Wypadek z kierowcą Ubera: Odpowiedzialność kierowcy

W innych przypadkach odpowiedzialność jest na zasadzie ryzyka, czyli niezależna od winy kierującego. Oznacza to, że kierowca (a tym samym jego ubezpieczyciel) nie odpowiada za szkodę tylko wtedy, gdy szkoda powstała z wyłącznej winy osoby trzeciej, z winy poszkodowanego oraz na skutek działania siły wyższej.

Tak jest też w przypadku kierowców Ubera oraz Blablacar. Pobierają oni opłaty za przejazd, zatem ich odpowiedzialność wobec pasażerów jest surowsza. Niemniej jednak każdy kierowca powinien mieć komunikacyjne ubezpieczenie OC i jeśli spowoduje szkodę, to odszkodowanie zamiast niego wypłaci ubezpieczyciel. Przepisy przewidują pewne wyjątki. Mianowicie z własnej kieszeni muszą wypłacić odszkodowanie kierujący nieposiadający uprawnień do kierowania pojazdami oraz kierujący po spożyciu alkoholu lub w stanie nietrzeźwości oraz po użyciu bądź pod wpływem środków odurzających. Nawet w takich sytuacjach jednak pasażer ma ochronę, gdyż zakład ubezpieczeń naprawia w takiej sytuacji szkodę poszkodowanym, a następnie wystąpi do kierującego o zwrot wypłaconego odszkodowania.

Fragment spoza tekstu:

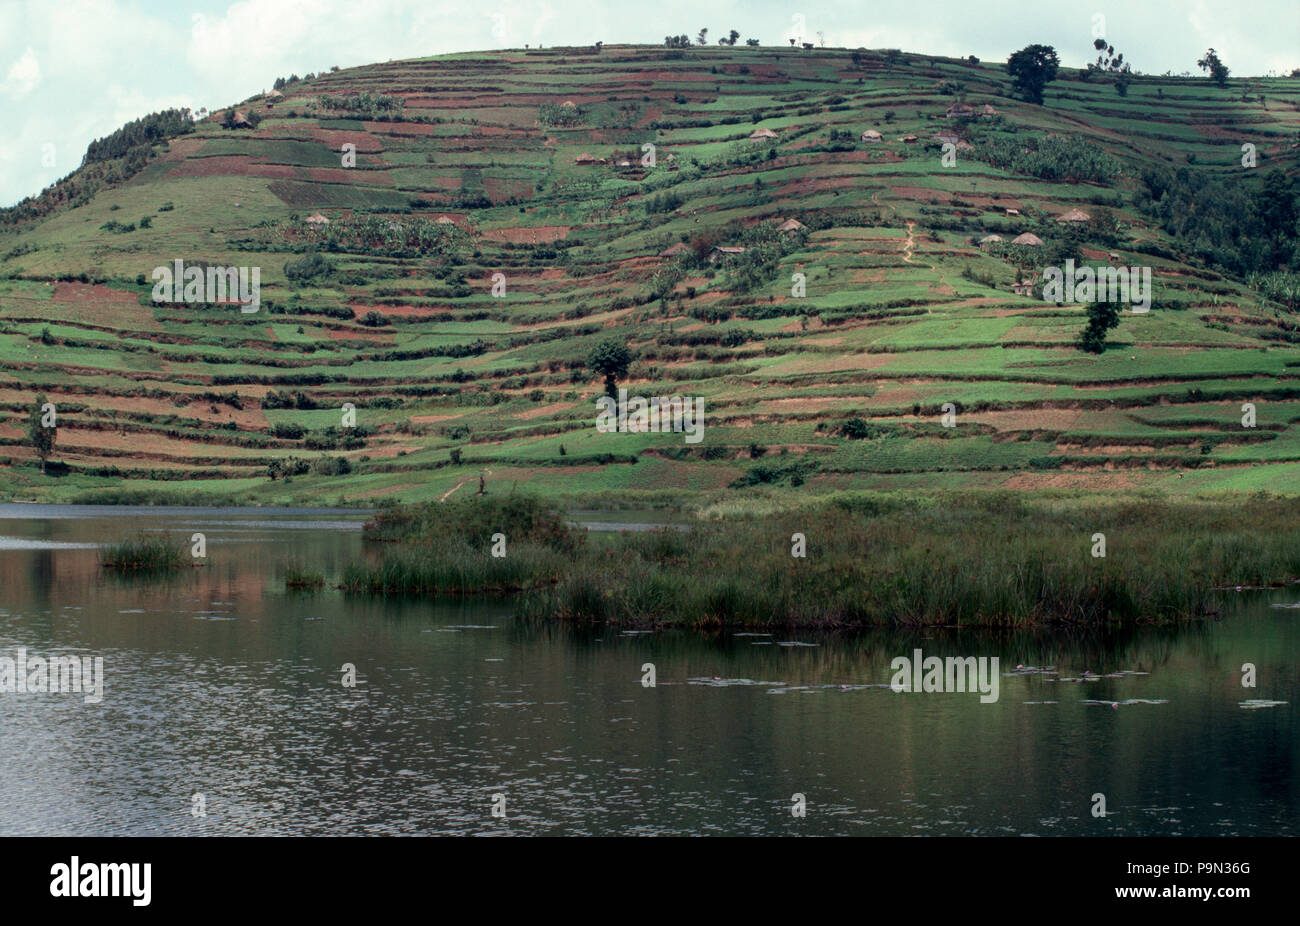 Farmland on the slopes of an extinct volcano and Lake Bunyoni. Stock Photo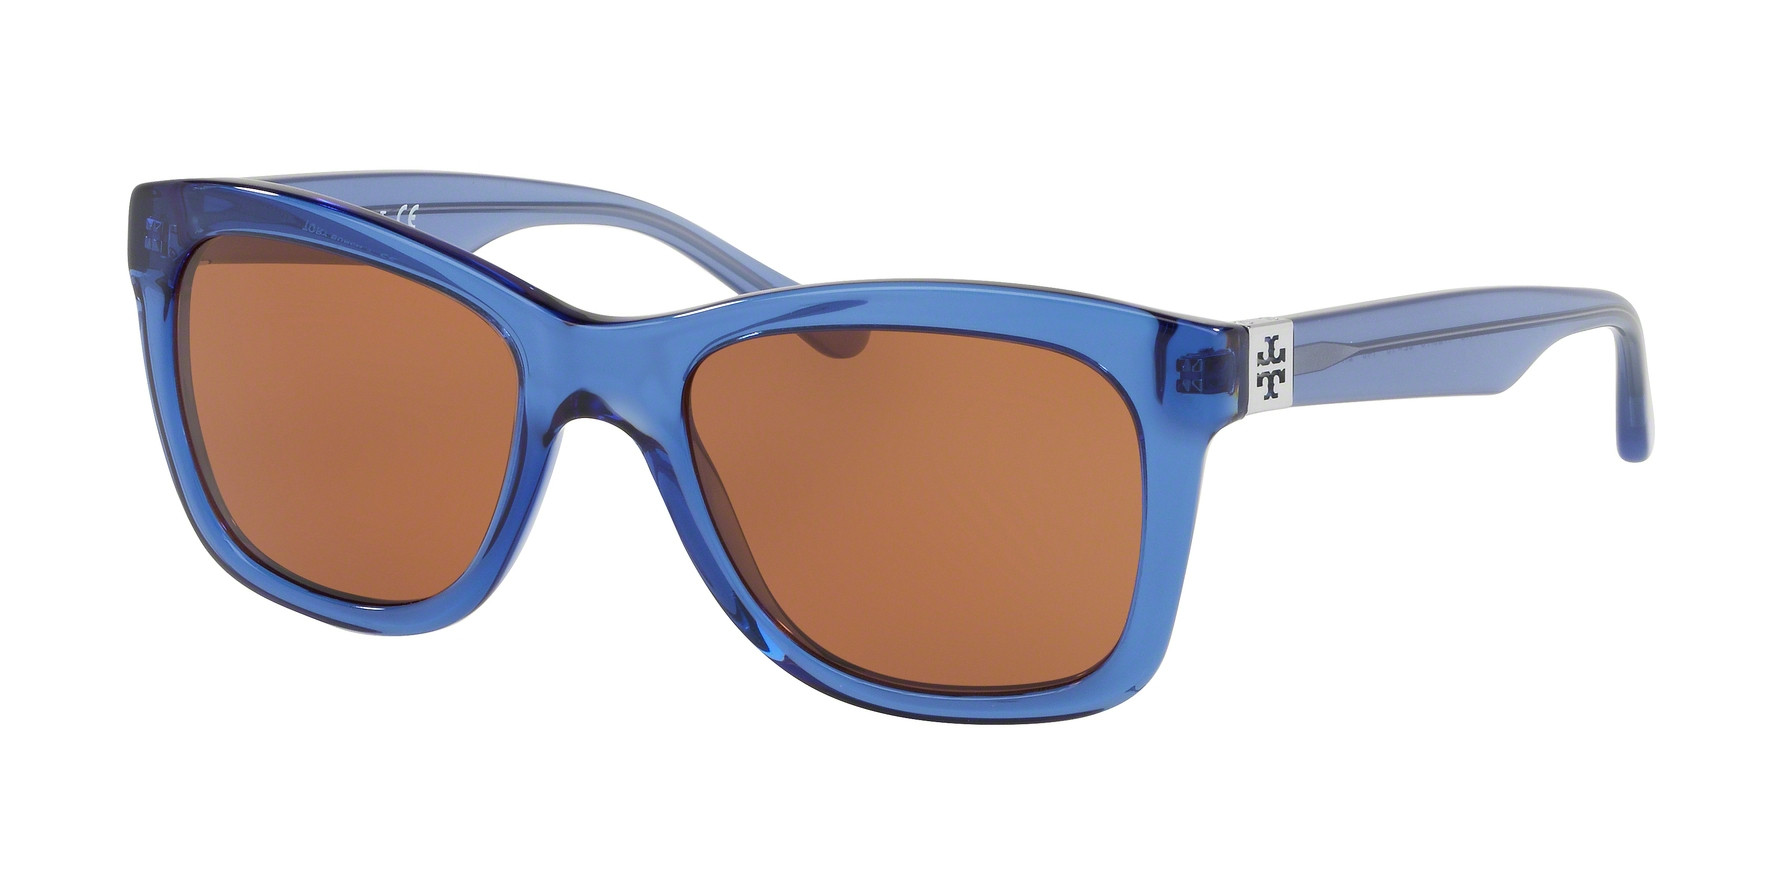 Tory Burch TY7118 Sunglasses - Tory Burch Authorized Retailer ...

Wypadek z kierowcą Ubera: Wyższe składki

Kierowca Ubera musi się natomiast liczyć z koniecznością płacenia wyższych składek za ubezpieczeń OC. Jak podaje porównywarka ubezpieczeń Ubea.pl, nie wszystkie zakłady ubezpieczeniowe wymagają, aby „uberowy” kierowca zaznaczał w formularzu opcję związaną z zarobkowym przewozem osób i płacił wyższą składkę (tak jak taksówkarze).

Ubea.pl przypomina, że w tym kontekście kluczowe znaczenie ma polityka danego towarzystwa ubezpieczeń. Jeżeli dojdzie do nieporozumienia z klientem lub zatajenia zarobkowego przewozu osób, to ubezpieczyciel po ujawnieniu takiego faktu będzie się domagał dopłaty składki za OC (czasem wynoszącej nawet 200–300 proc.).